Елена Рыковцева: Напиться и забыться.
Борис Панкин: На лавочках, на столиках – пикнички. Стоит бутылочка пива, бутылочка вина – и все довольны, все смеются.
Елена Рыковцева: Ну, будем надеяться, что и здесь когда-нибудь наступят эти времена. Но я хочу сказать, что в России, к сожалению, очень тонкая грань между кампанией и кампанейщиной. И я предлагаю вам, уважаемые коллеги, обсудить публикацию, которая вышла только что в «Независимой газете». Она называется «Патриарх в поисках образа». «Независимая газета» говорит о том, что патриарх Кирилл, который в последнее время собирает молодежь на стадионах и так далее, создает имидж, коренным образом отличающийся от традиционного образа высшего православного иерарха. «Он и политик, и проповедник, и телеведущий, словом – мегазвезда». И дальше газета сравнивает патриарха Кирилла и Михаила Горбачева.
Диктор: «Можно провести параллель между происходящим в Московской Патриархии образца 2009 года и Политбюро образца 1985-го. Раз уж мы говорим о «ста днях» Патриарха Кирилла, то почему бы и нет? Совпадений много. Горбачев возглавил комиссию по организации похорон Черненко и стал новым генсеком – митрополит Кирилл возглавил комиссию по организации похорон Алексия II и стал новым Патриархом. Новый генсек провел «апрельский пленум» и стал собирать свою команду, отодвигая «старую гвардию», – новый Патриарх провел заседание Синода 31 марта, отстраняя от власти своих прежних конкурентов и расставляя на ключевые должности лично преданных ему церковных деятелей. Горбачев объявил курс на ускорение и перестройку – Кирилл объявил курс на активизацию православной миссии. Горбачев вышел на площадь к народу – Кирилл выходит на стадион и обращается к народу со сцены. Горбачев начал антиалкогольную кампанию – то же делает и Кирилл».

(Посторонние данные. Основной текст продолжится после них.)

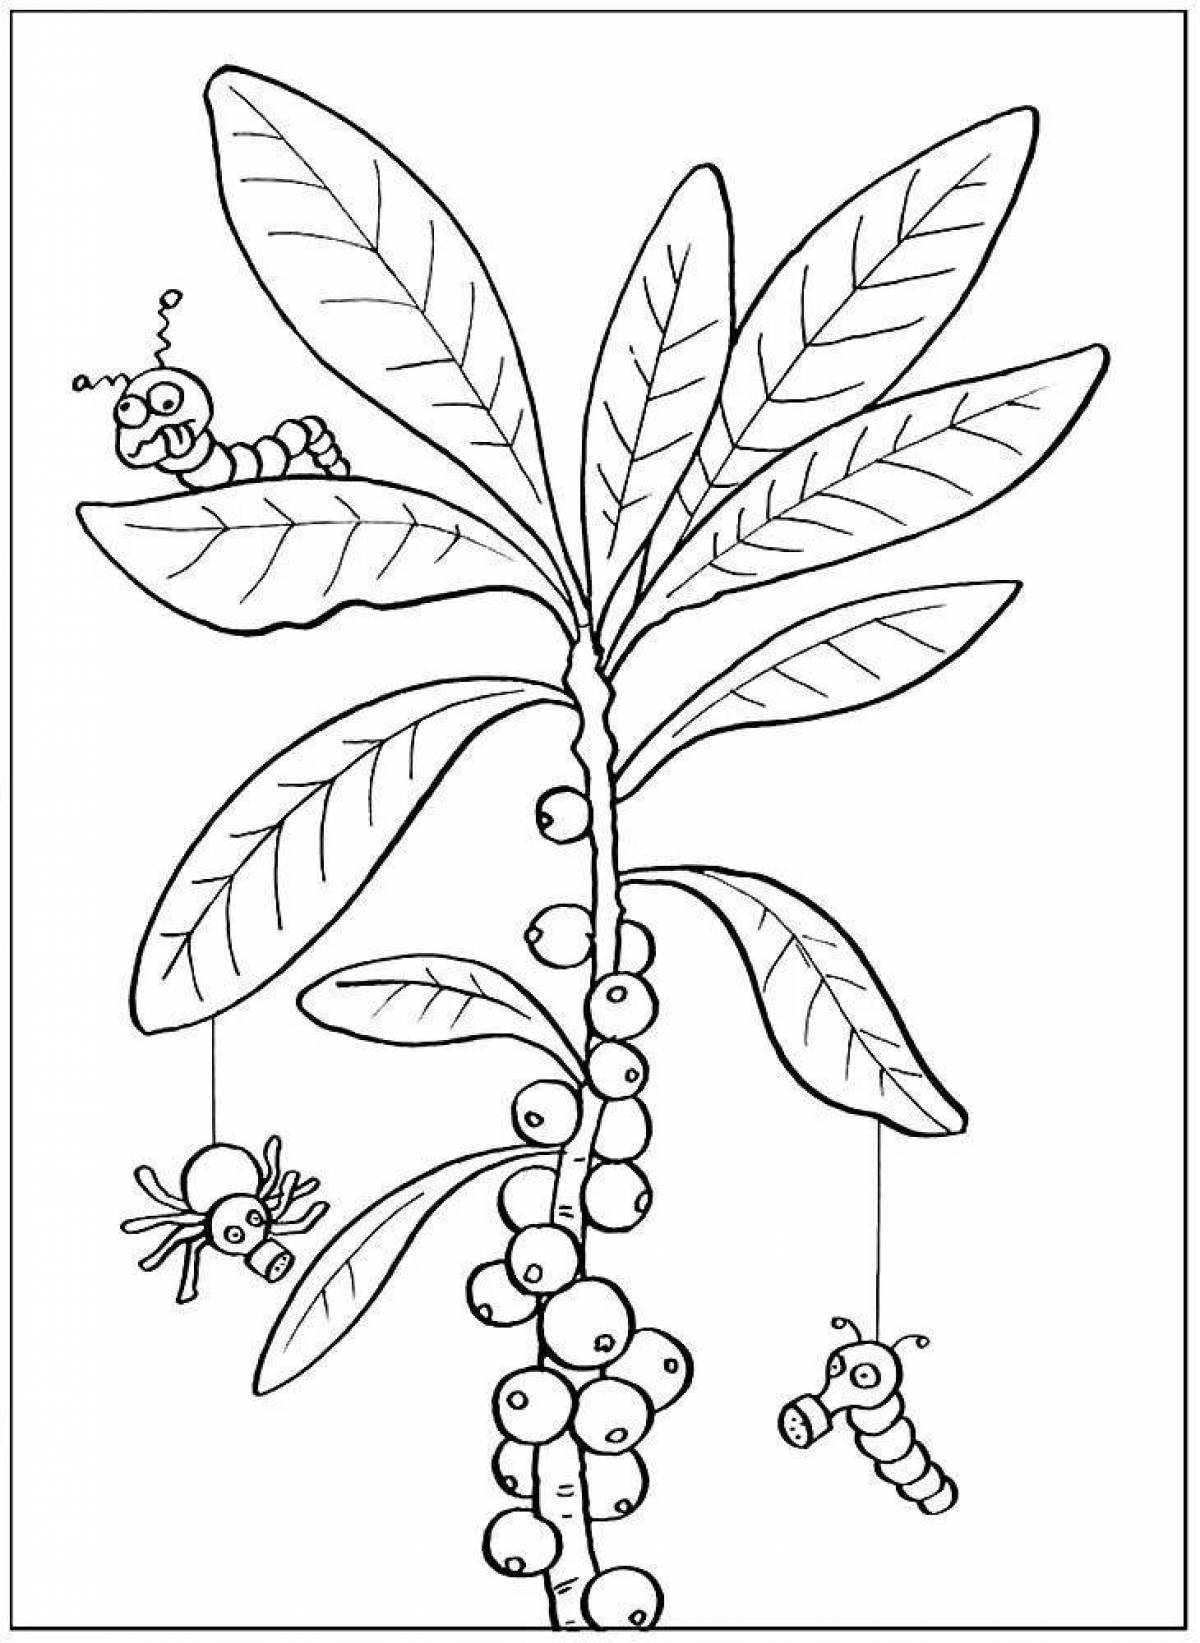 Effective painting of poisonous plants

Елена Рыковцева: А дальше газета пишет: «Антиалкогольная кампания сразу сильно ударила по имиджу Горбачева как политика. Это относится и к тому, с кем в народном сознании будет ассоциироваться нынешняя антиалкогольная кампания. Пропагандируя высокие нравственные ценности и, в частности, трезвый образ жизни в России легко навсегда утратить политическую популярность. Это очень несправедливо, но, к сожалению, это факт».
Скажите, Павел Коробов, есть риск для патриарха Кирилла стать в глазах народа символом новой антиалкогольной кампании?
Павел Коробов: Я думаю, что, во-первых, он это не для имиджа делает, а из-за того, что, действительно, назрела эта проблема.
Елена Рыковцева: А почему он за свой имидж при этом не боится?
Павел Коробов: А что ему имидж? Он патриарх, его дело болеть за свою паству. А имидж – это дело светских людей. Я не думаю, что имидж у него на первом месте. Я думаю, что у него на первом месте его основные пасторские обязанности – забота о людях. И если эта проблема, действительно, настолько назрела, то почему бы о ней не заявить, если другие молчат. Ну, все промолчим... И что будет? И я бы, на самом деле, не стал проводить параллели между Горбачевым и Кириллом.
Елена Рыковцева: Не нравится вам эта параллель, не кажется точной?
Павел Коробов: Мне кажется, что это натянуто. И можно чего угодно сравнивать. В истории были разные примеры. Тут и другая движущая сила, и мотивы. Михаилу Сергеевичу на Политбюро, как, по-моему, Лигачев рассказывал, письма приходили от людей с просьбой. А тут забота, я думаю, в первую очередь.
Елена Рыковцева: Что вы скажете, Борис Дмитриевич, не постигнет ли Кирилла судьба Горбачева, не утратит ли он популярность, если его меры будут воплощены в жизнь? А меры не очень приятные, не очень комфортные для россиян. Например, «до 19 часов» – это меня не устраивает.
Борис Панкин: Я думаю, что это сравнение немножко надуманное. Если говорить о моем общем впечатлении от патриарха, и еще раньше от митрополита, Кирилла, я относился к нему с симпатией, но мне всегда казалось, и кажется сейчас, что он слишком уж светский. А в принципе, сравнение кого-то с Горбачевым, оно никого, я думаю, не обидит и не уронит. Но само это сравнение, действительно, натянутое.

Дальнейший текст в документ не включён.